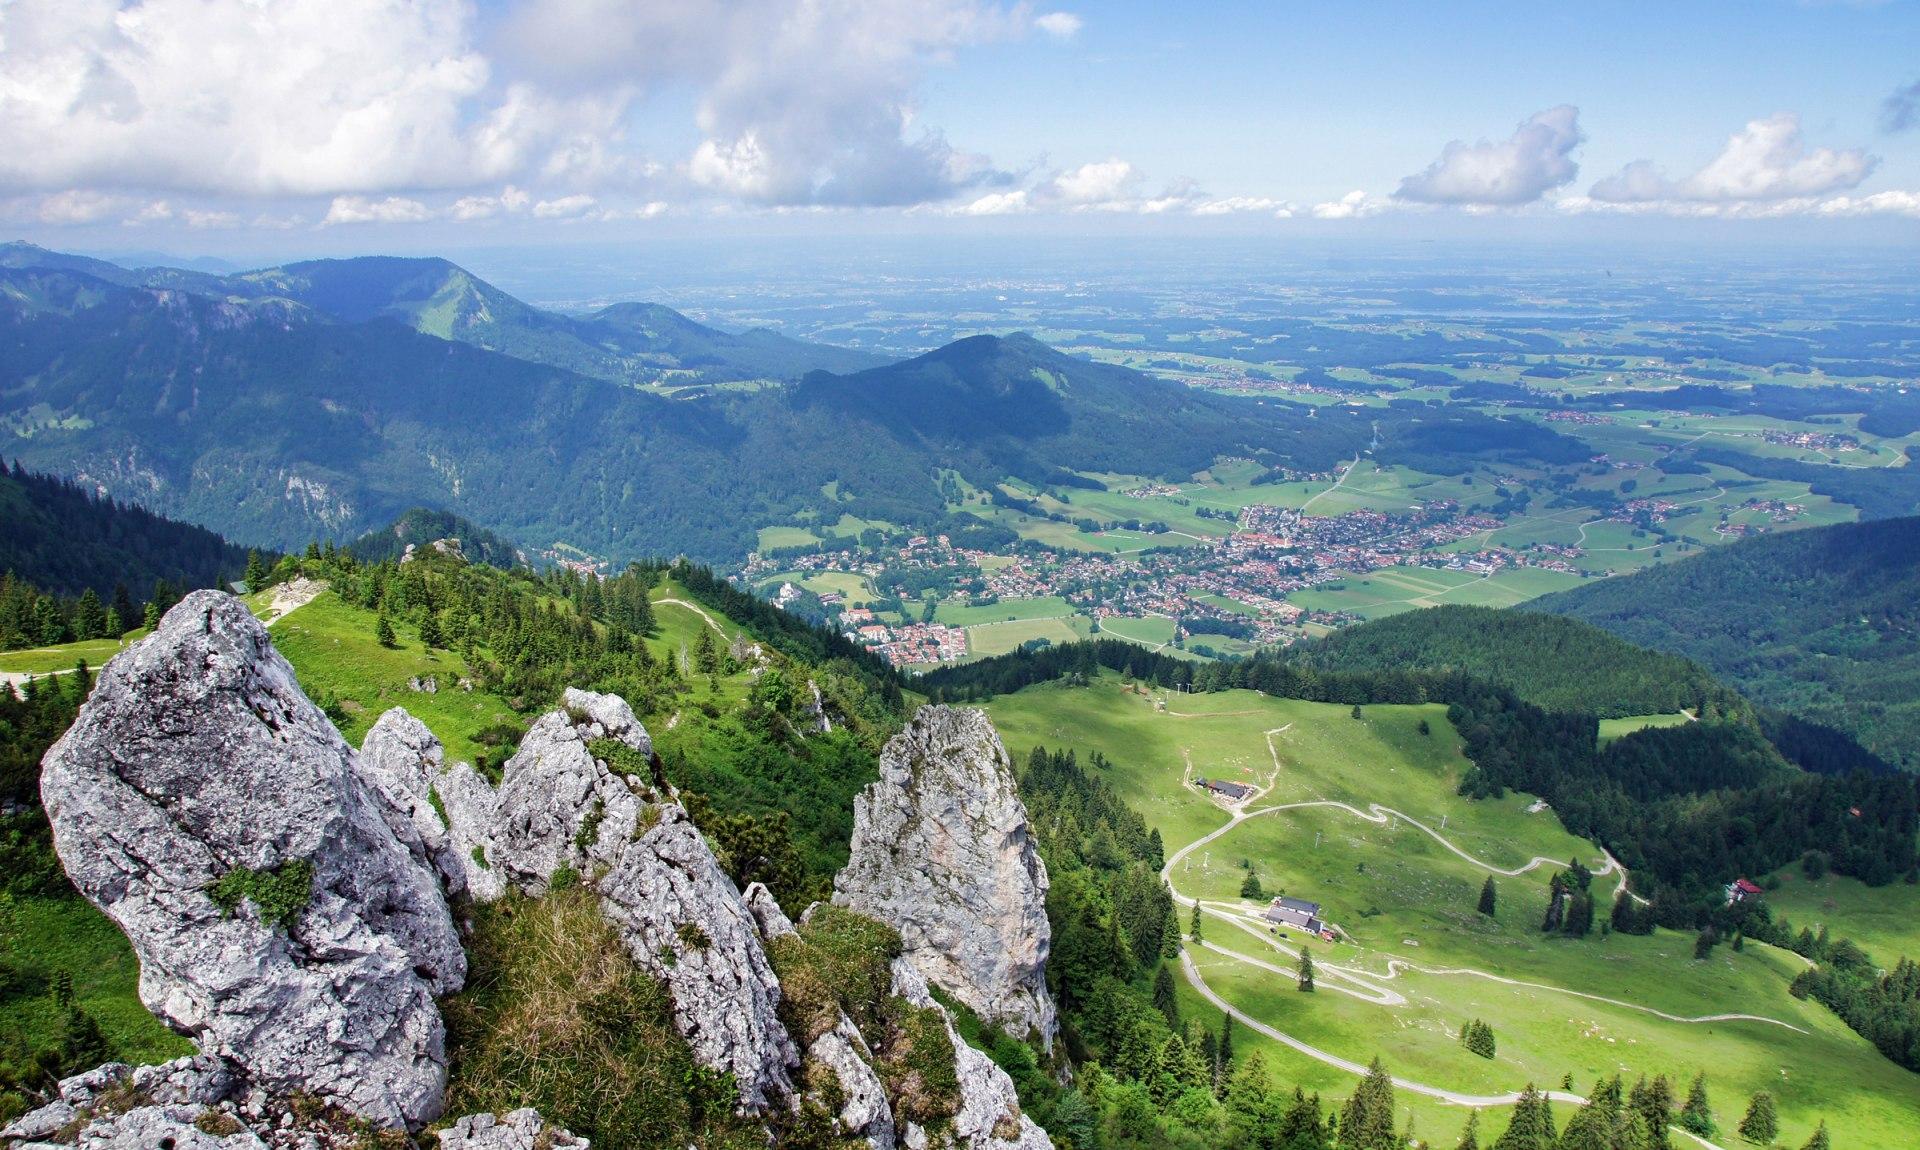 Blick auf Aschau im Chiemgau, © Claus Schuhmann
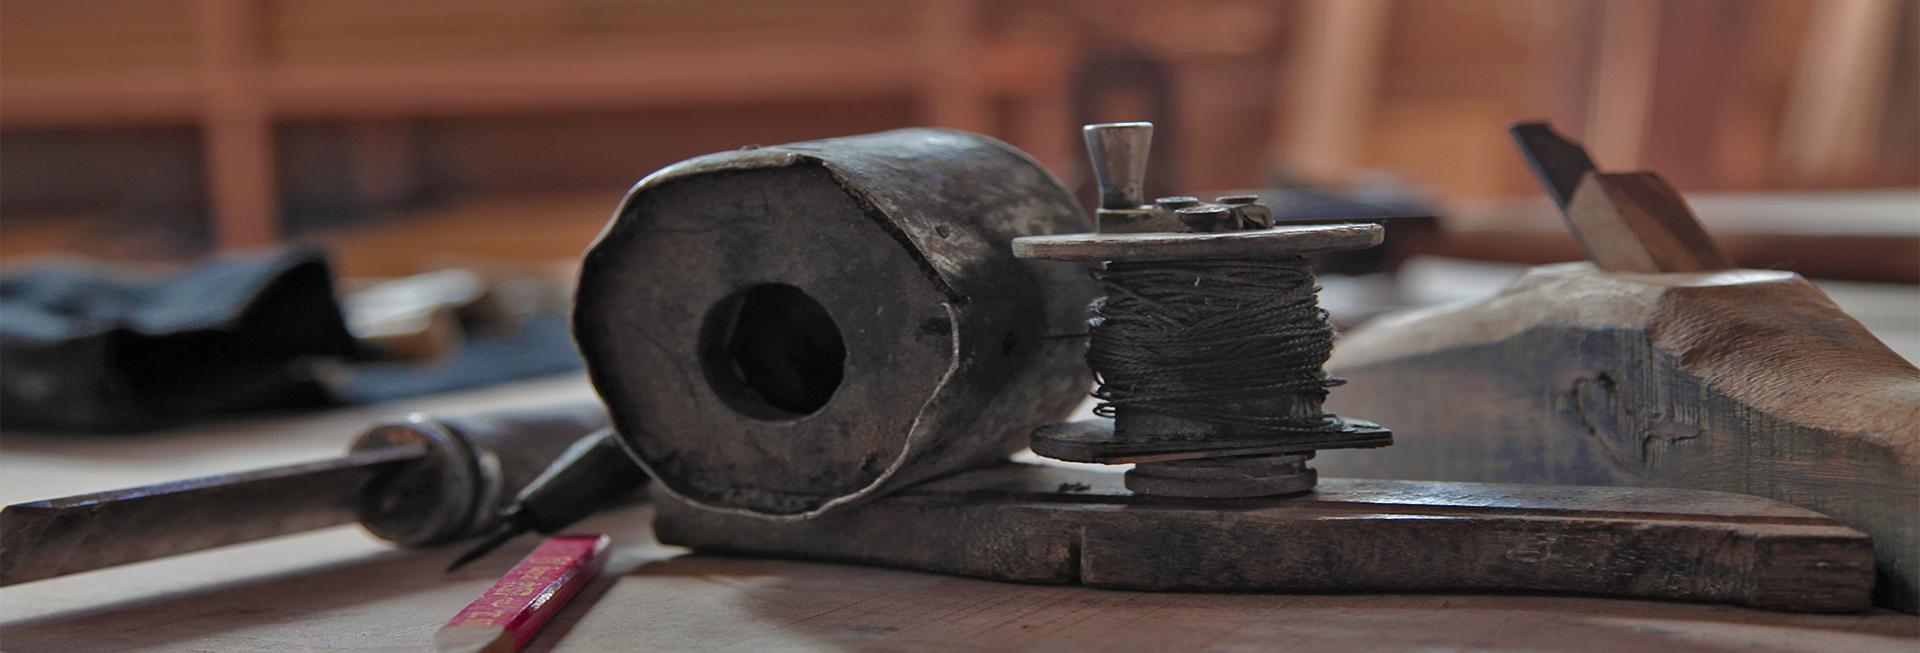 神工實木家具廠家提示:網購實木家具一定要警惕這四個大坑
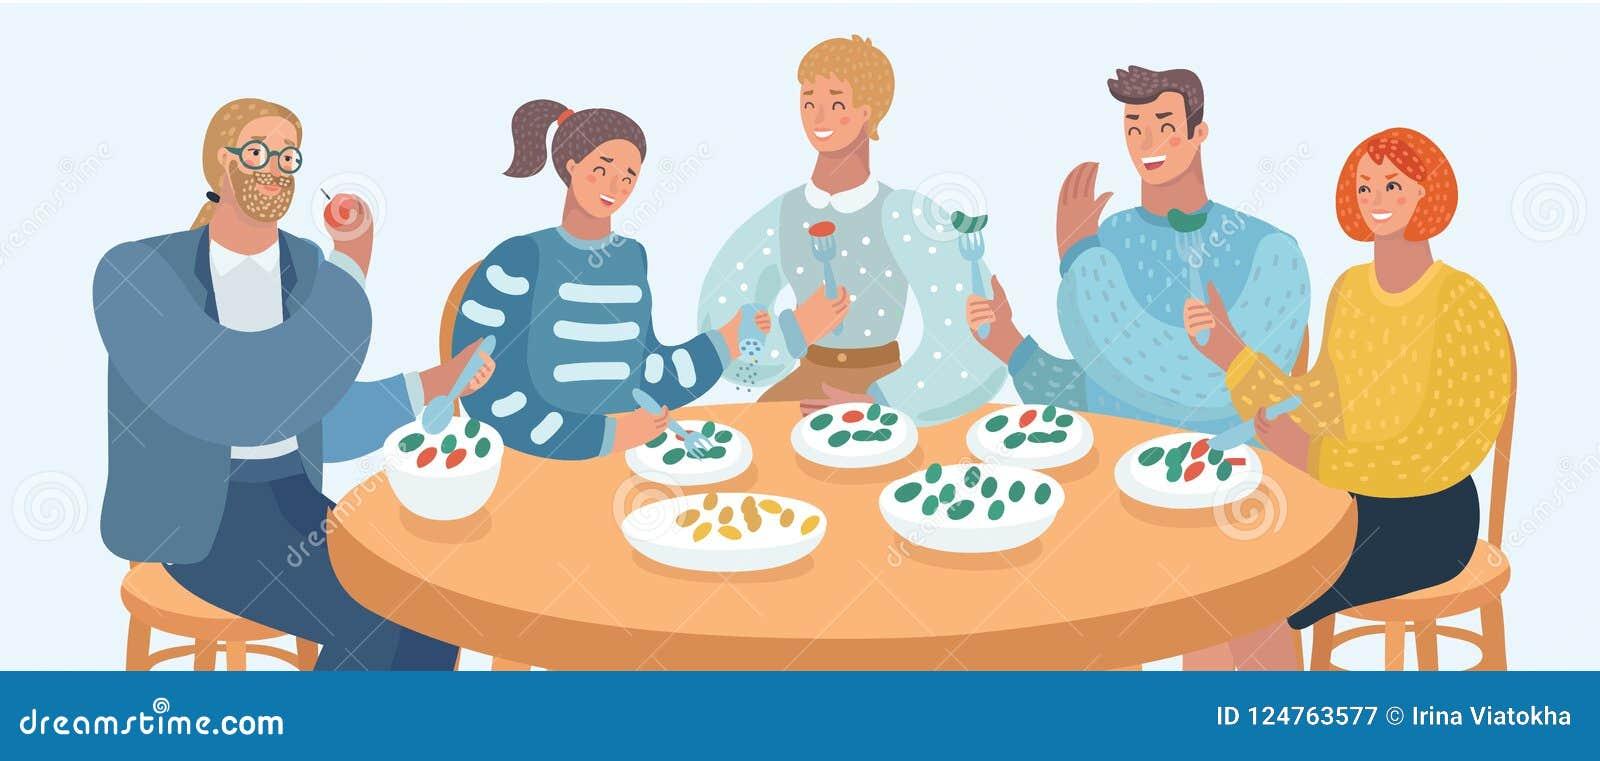 Le groupe de personnes mangent
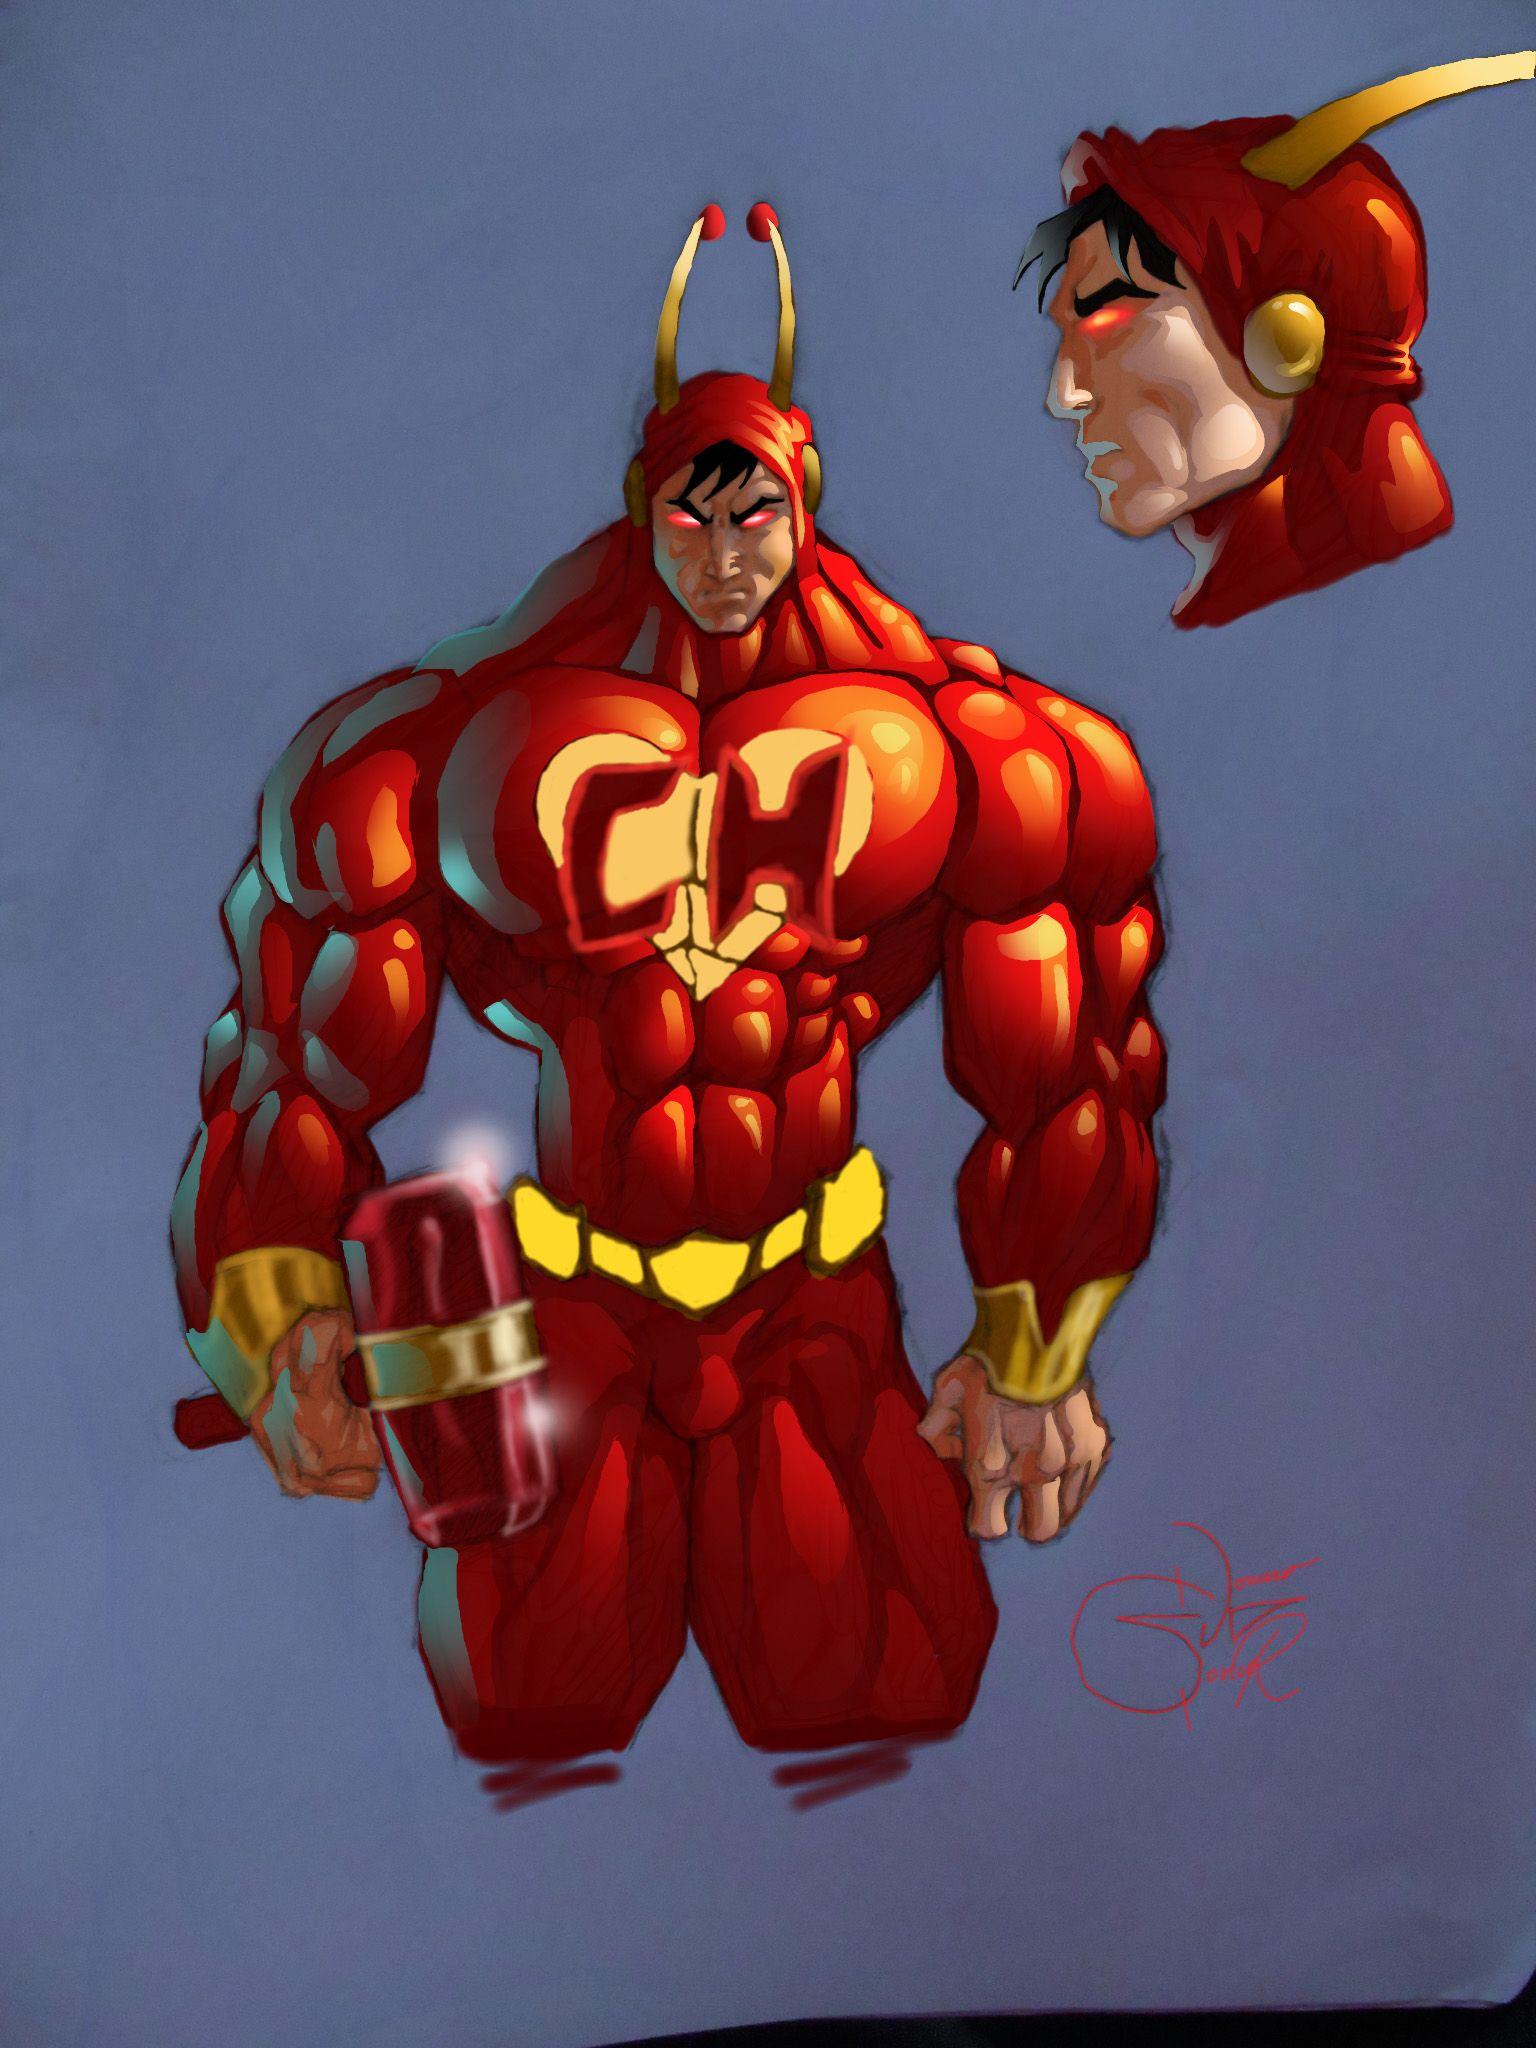 el super heroe mexicano el chapulin colorado elaborado por salvador homero  ponce rincon   Chapolin, Personagens clássicos de desenhos animados,  Chapolim colorado
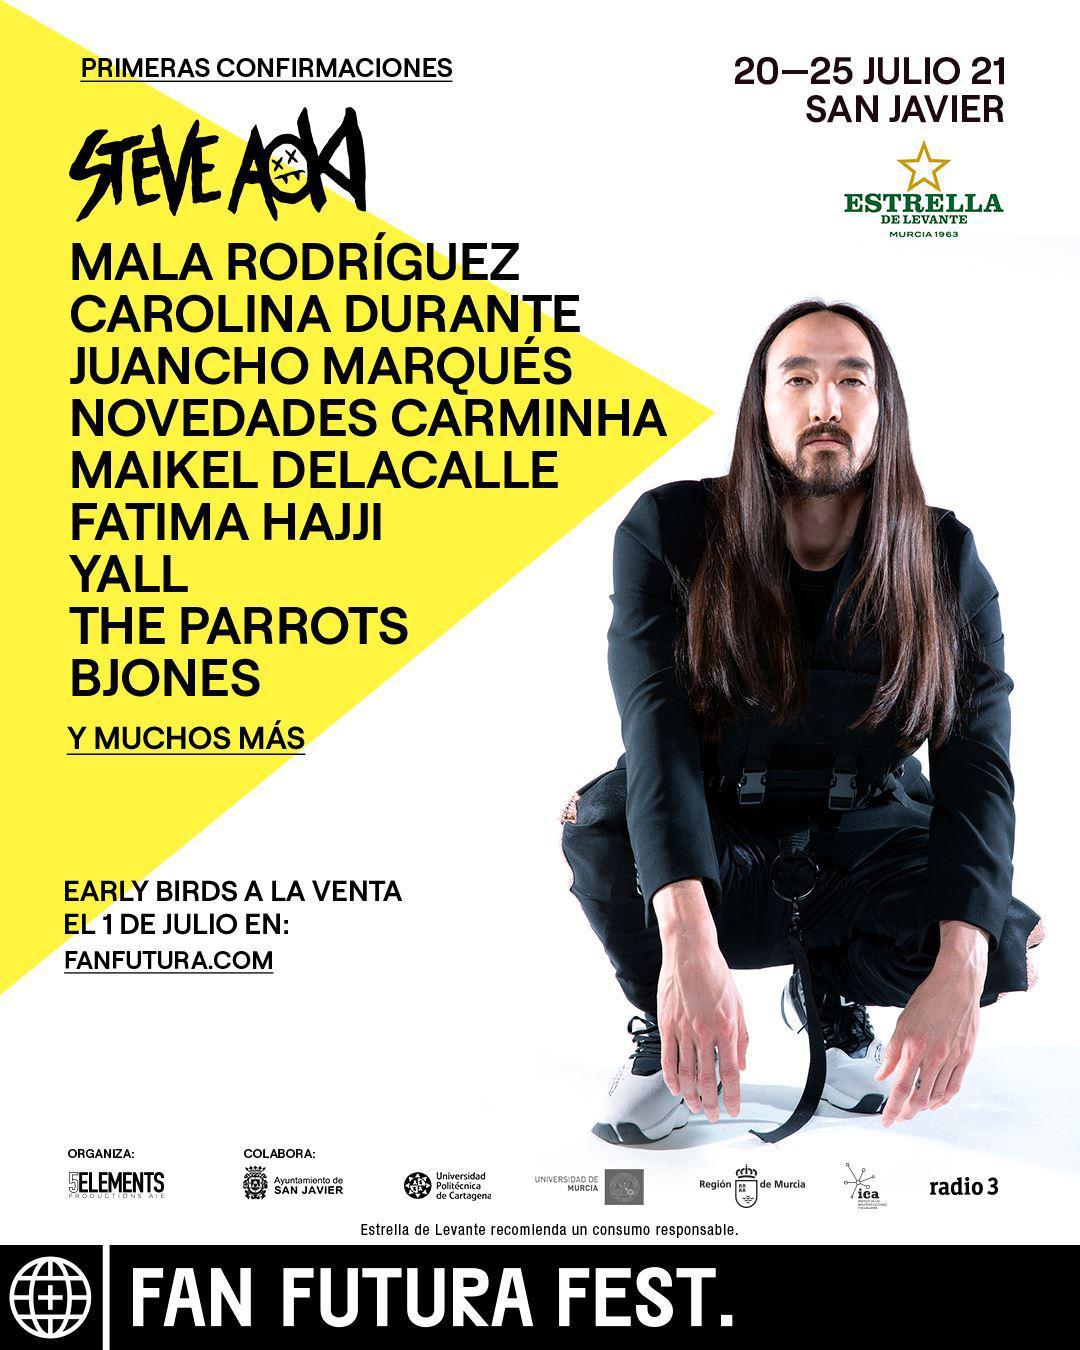 Fan Futura Fest 2021

----

> Aim of the exercise
The complete material, set down exactly and stripped of pictures, is the expected response.

> Completed exercise
 Blick auf Aschau im Chiemgau, © Claus Schuhmann
 神工實木家具廠家提示:網購實木家具一定要警惕這四個大坑
 Le groupe de personnes mangent
 el super heroe mexicano el chapulin colorado elaborado por salvador homero  ponce rincon   Chapolin, Personagens clássicos de desenhos animados,  Chapolim colorado
 Fan Futura Fest 2021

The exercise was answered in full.